§ Task to complete: The pictures in the listing below are to be skipped, while the lines between the line holding "Ravensburger Spiel - Memory" and the line holding "Danish Attributed to", inclusive, are to be output exactly.

§ Source data:
■ ■ ■ ■
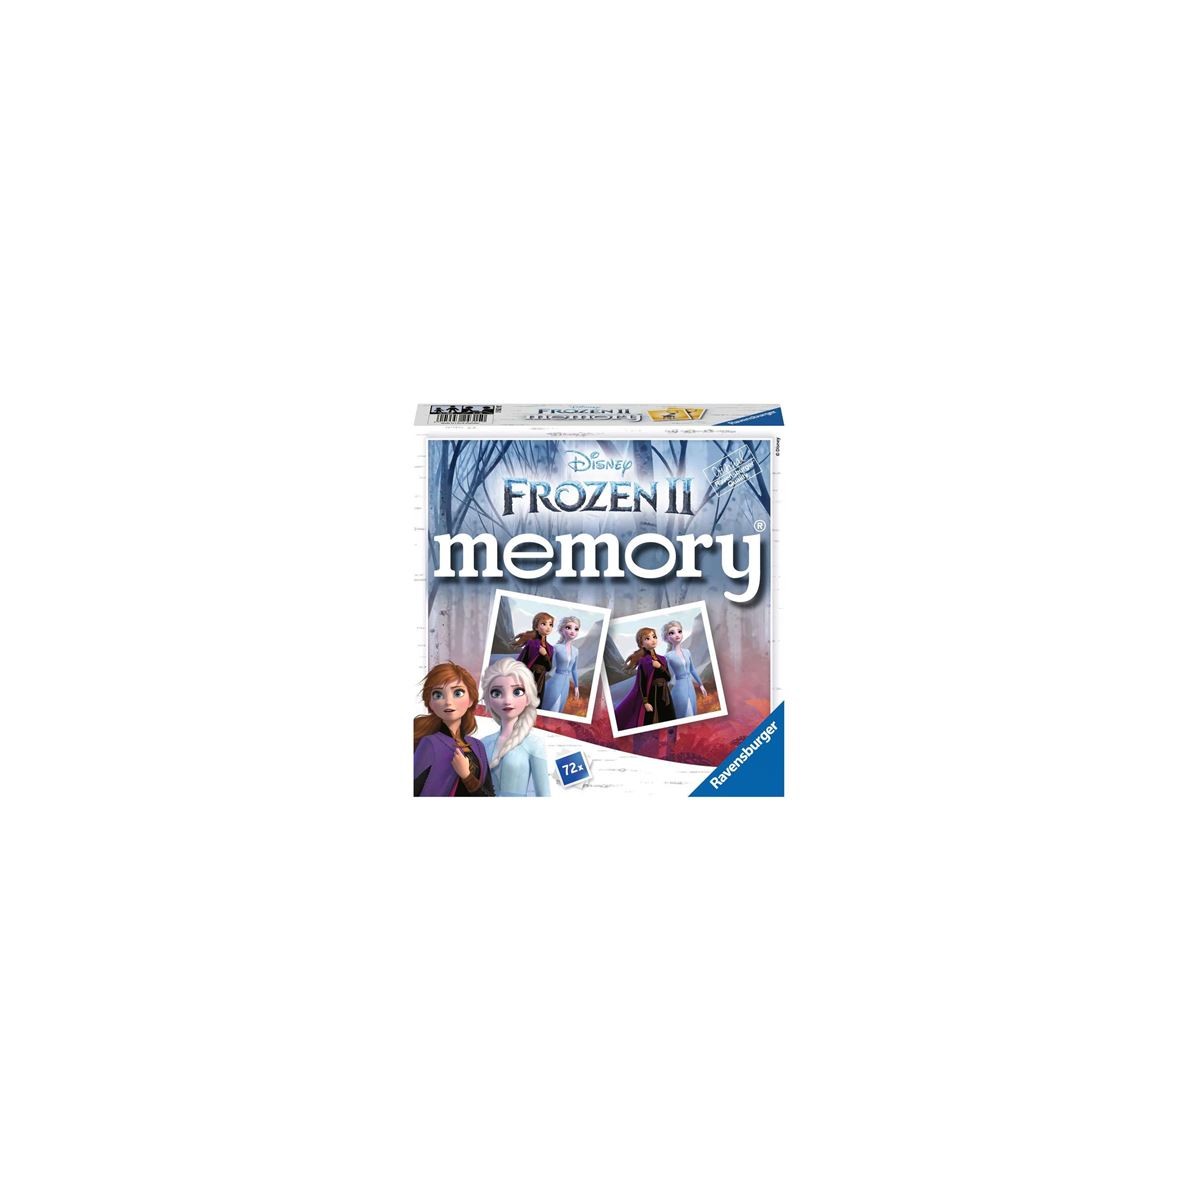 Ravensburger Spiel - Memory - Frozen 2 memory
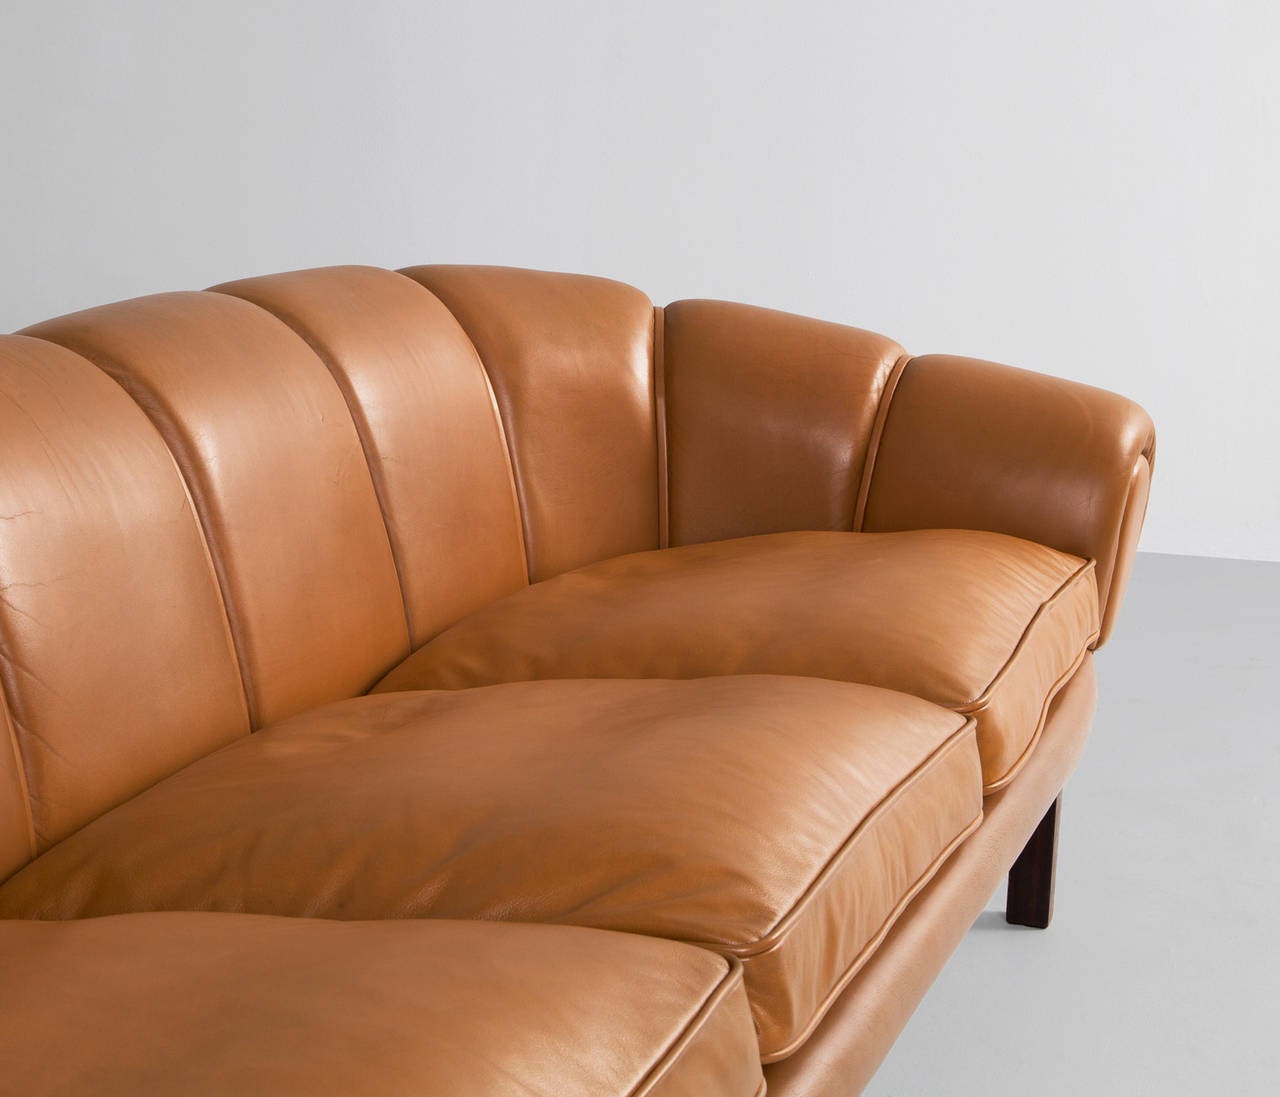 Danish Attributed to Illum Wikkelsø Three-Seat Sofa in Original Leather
■ ■ ■ ■
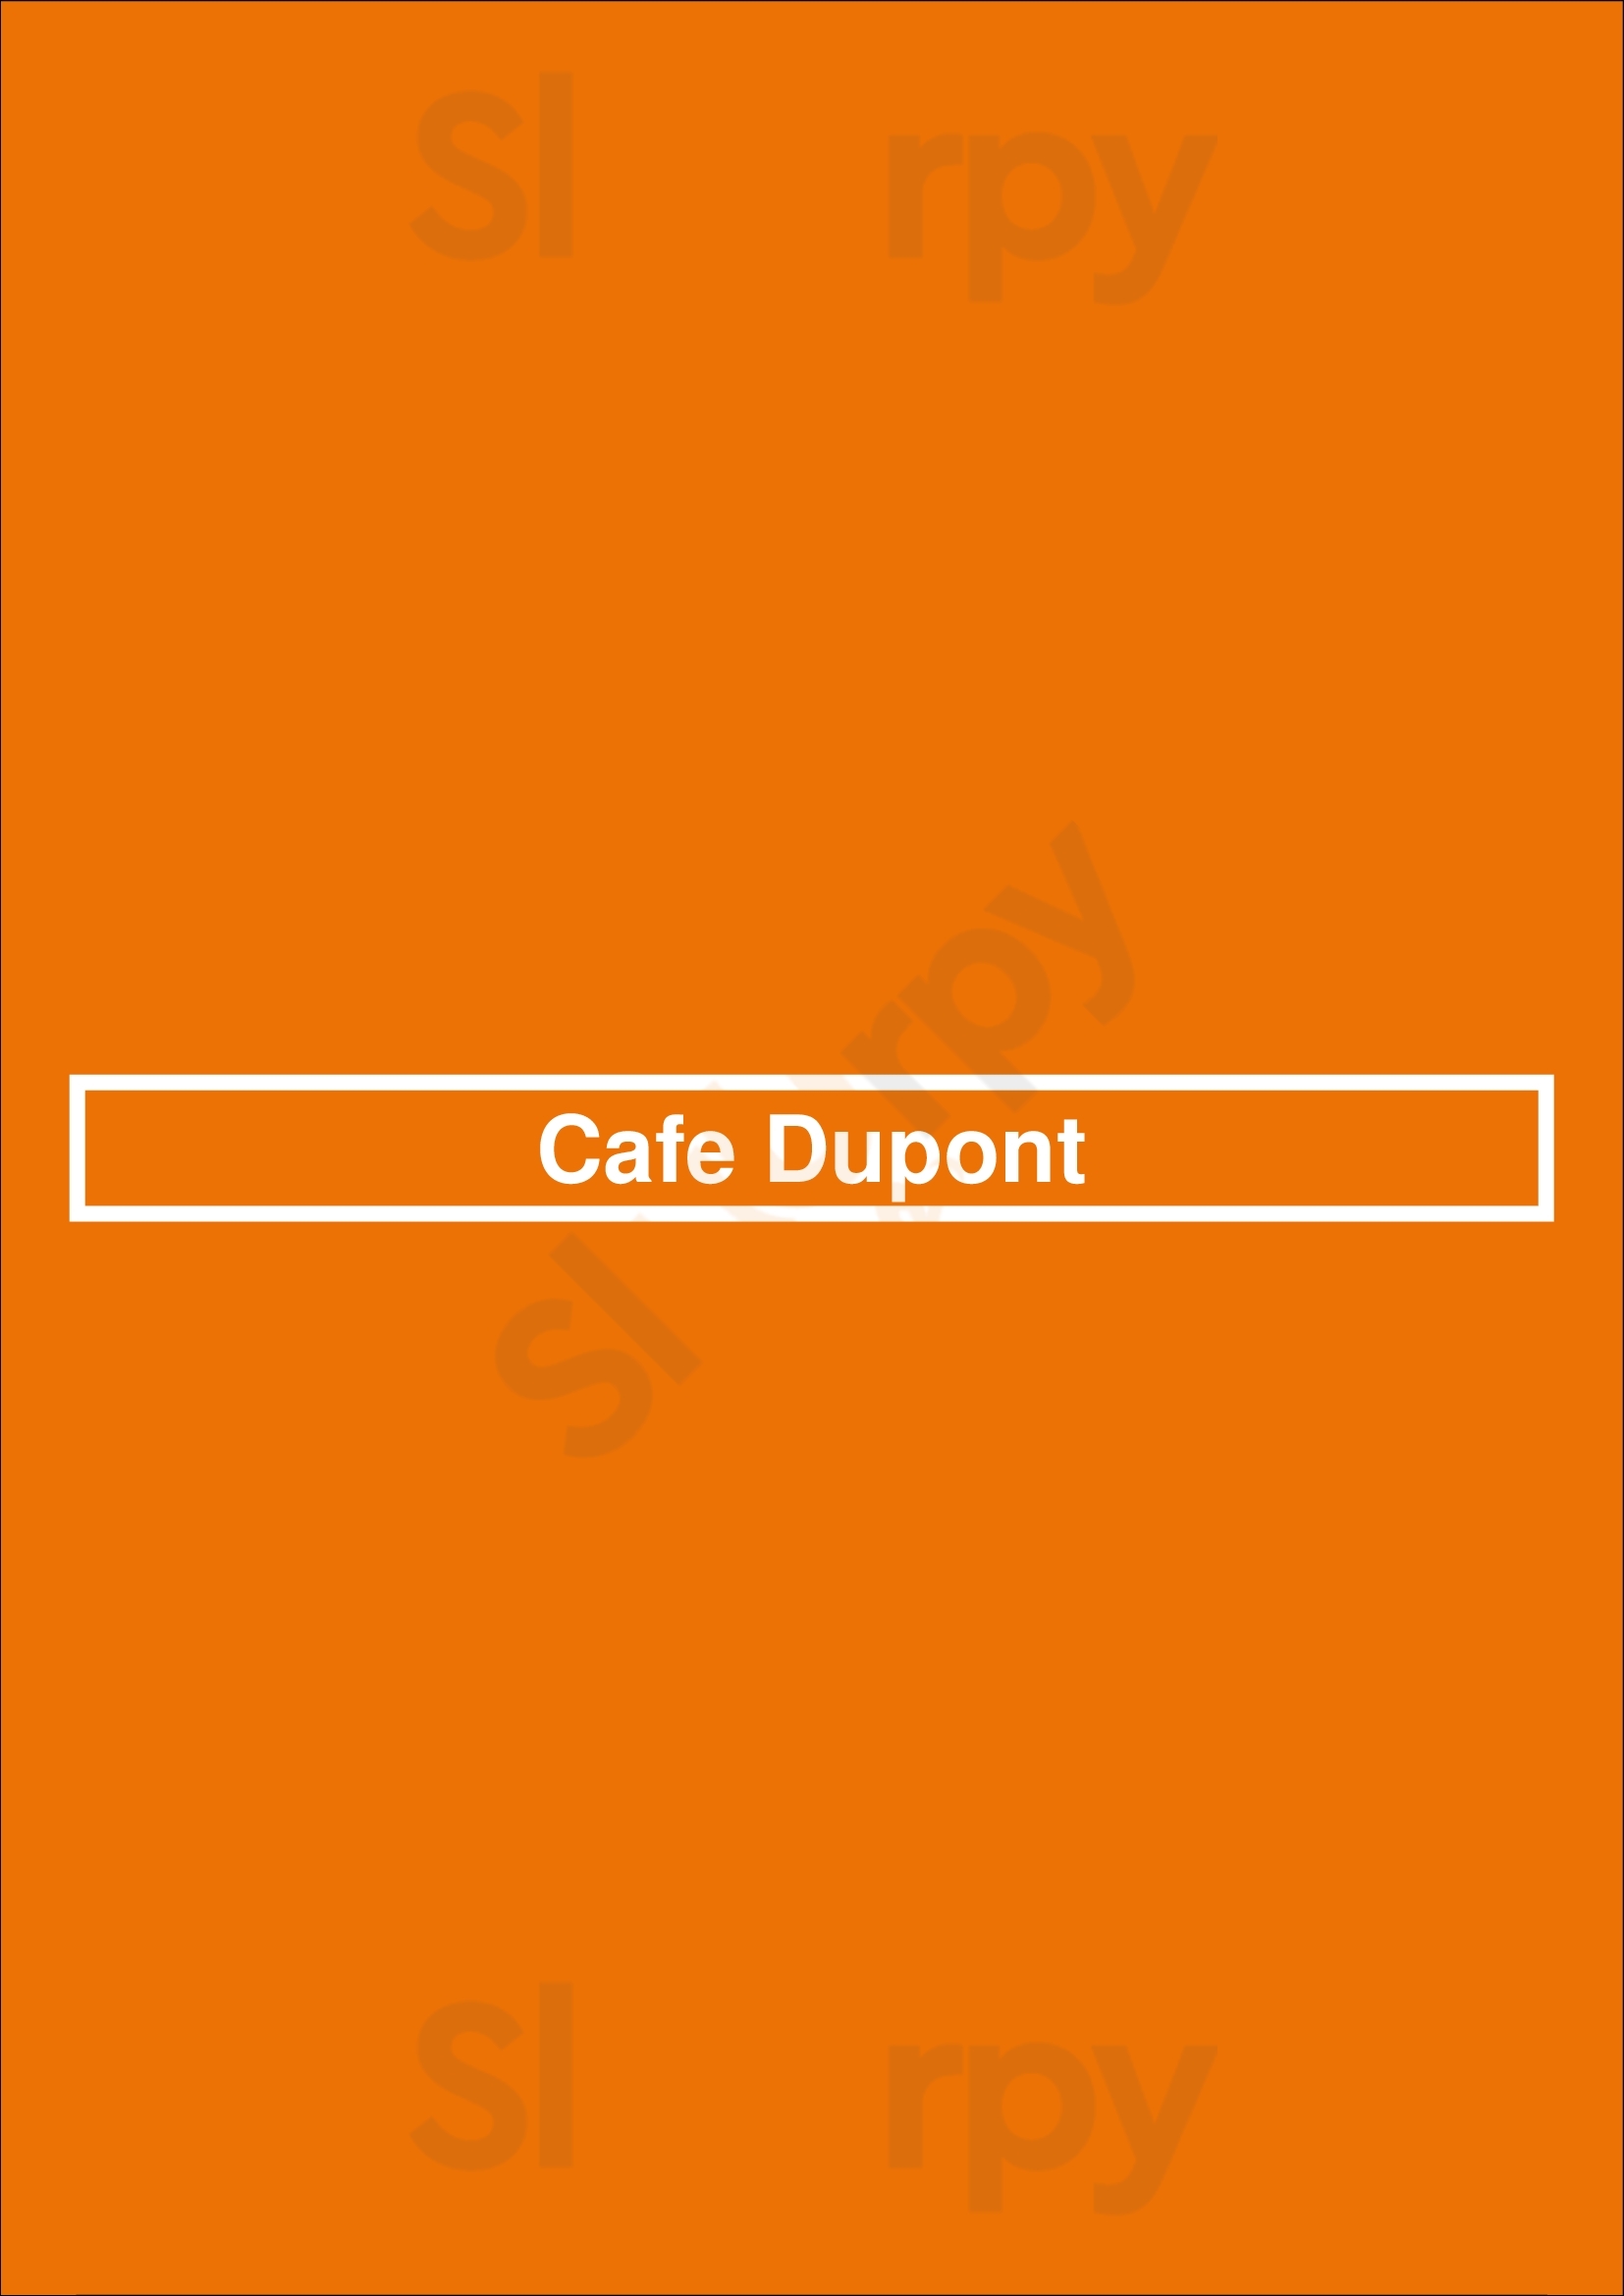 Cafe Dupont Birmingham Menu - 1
■ ■ ■ ■
§ Written answer:
 Ravensburger Spiel - Memory - Frozen 2 memory
 Danish Attributed to Illum Wikkelsø Three-Seat Sofa in Original Leather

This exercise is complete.